We had our really good friends Jimmy at our house this weekend and well it was brought up by him and our other friend that maybe I should go see someone to help me with my issues and they think that the thing with my Husband just brought something out. That I put away. But we were talking about that night of with my husband and ex friend well me and my friend Jimmy went to the garage where they were then they came in so we stayed out there talking and I was crying. And Jimmy said that was two hours. That mean that My husband and her were in that room for two hours???????? I dont know what to do its bringing back all my anxious feelings again. He said NOTHING happend in well I have to believe cause if it did happen in that room he wouldnt have to convince her in the garage after we came up to the room right????? GEEZ I really wish I had someone to talk with me right now that makes me feel like I am not insain..


----------



## sunflower (Dec 15, 2008)

I think that I am going to contact the friend the ex friend and be like ok so this is what Jimmy is saying? So I dont know if its being stirred again or what? but what do you think?


----------



## Tim (Mar 24, 2009)

Sunflower, 
its hard to decifer your writing and exactly whats going on. Did you allow those same friends over that you had strip poker with and your husband cheated on you with?

Why did you do that?

Your not moving on at all. 

From what I'm seeing here, you are traumatized by something that happened in your life before you ever got married, probably when you were young. Did someone abuse you or molest you? I know that sounds personal, so you dont have to answer here, but you need to be aware that this is where your behavior is coming from. You have no boundries Sunflower....

You are yearning for this drama. You need it because your stuck in the trauma that you experienced in you adolescence. You are afraid of it coming out so you are using the current drama in your life to try to cope with what you have been avoiding your whole life. This is why you refuse counselling, and this is why you are putting your family in these situations. Most child victims refuse counselling because they are afraid of their demons to come out, and instead relive their childhood trauma by setting themselves up.

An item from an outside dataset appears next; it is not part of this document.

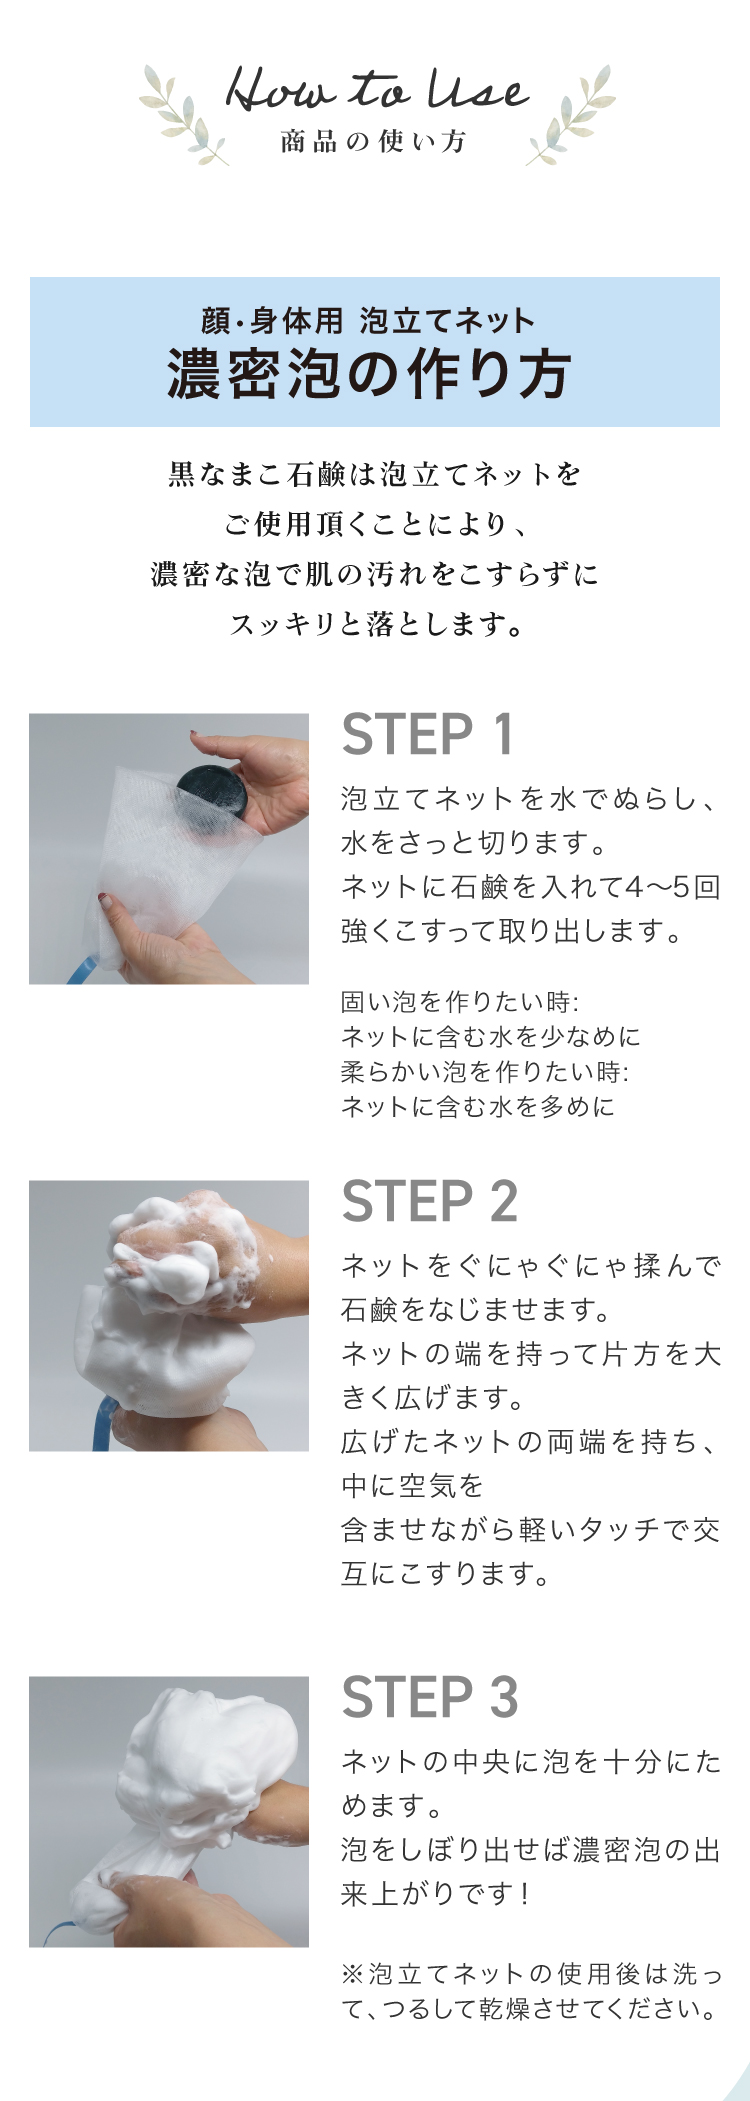 黒なまこ石鹸は泡立てネットをご使用頂くことにより、濃密な泡で肌の汚れをこすらずにスッキリと落とします。

Your life is spiralling out of control. This is not healthy at all. You need to see a counsellor.


----------



## sunflower (Dec 15, 2008)

No it wasnt those people that we played with just Jimmy our friend thats friends with all of us. He had said that night that me and him talked in the garage for like 2 hours. So it got me thinking OMG if we talked in the garage two hours that means they were all alone for two hours in my room. And I wasnt molested as a child my father wasnt home EVER he works for the military but I dont think that ever botherd me? I dont know I guess I went throught that not so cute thing in high school and rejection seeing my friends get the guys all the time and now its I get the attention and I think just him doing that and me feeling rejected OUCH. I felt unloved. It was so hard to feel that SO HARD.


----------



## Tim (Mar 24, 2009)

Ok. I'm still having a hard time figuring out the details that your bringing up, but please do not stir this up by talking to your ex friend about it again.

And about your dad. This absolutely has to do with you family situation while you were growing up. Take all this to a therapist please, and be very honest about your behavior. Bring your husband along too for couples therapy. 

Haven't you had enough of living like this? It needs to stop, it will hurt your marriage and your kids in the end, not to mention you!


----------



## sunflower (Dec 15, 2008)

Sorry lol. When I get all hurt and sad I dont make any sense OBVIOSULY! but ya I know what you are saying I am just trying to say that I am so worried something happend in that room I mean really TALKING for two hours REALLY. And I dont want to be made a fool of and stay with the scum if he slept with her you know. NO WAY.


----------



## MsStacy (Nov 11, 2008)

Ok...stop freaking out and _really think _about this for a minute.

*Do you truly believe your husband would have sex with this woman while you are in the next room?*

STOP...Read that question again!

Put all your emotions aside. Put away all the crazy thoughts and feelings from the last few months. Stop and listen to what your head is telling you. Do you really believe your husband would have sex with another woman when you are in the very next room and could walk in at any time? Take the time to completely consider this question and what your answer is. 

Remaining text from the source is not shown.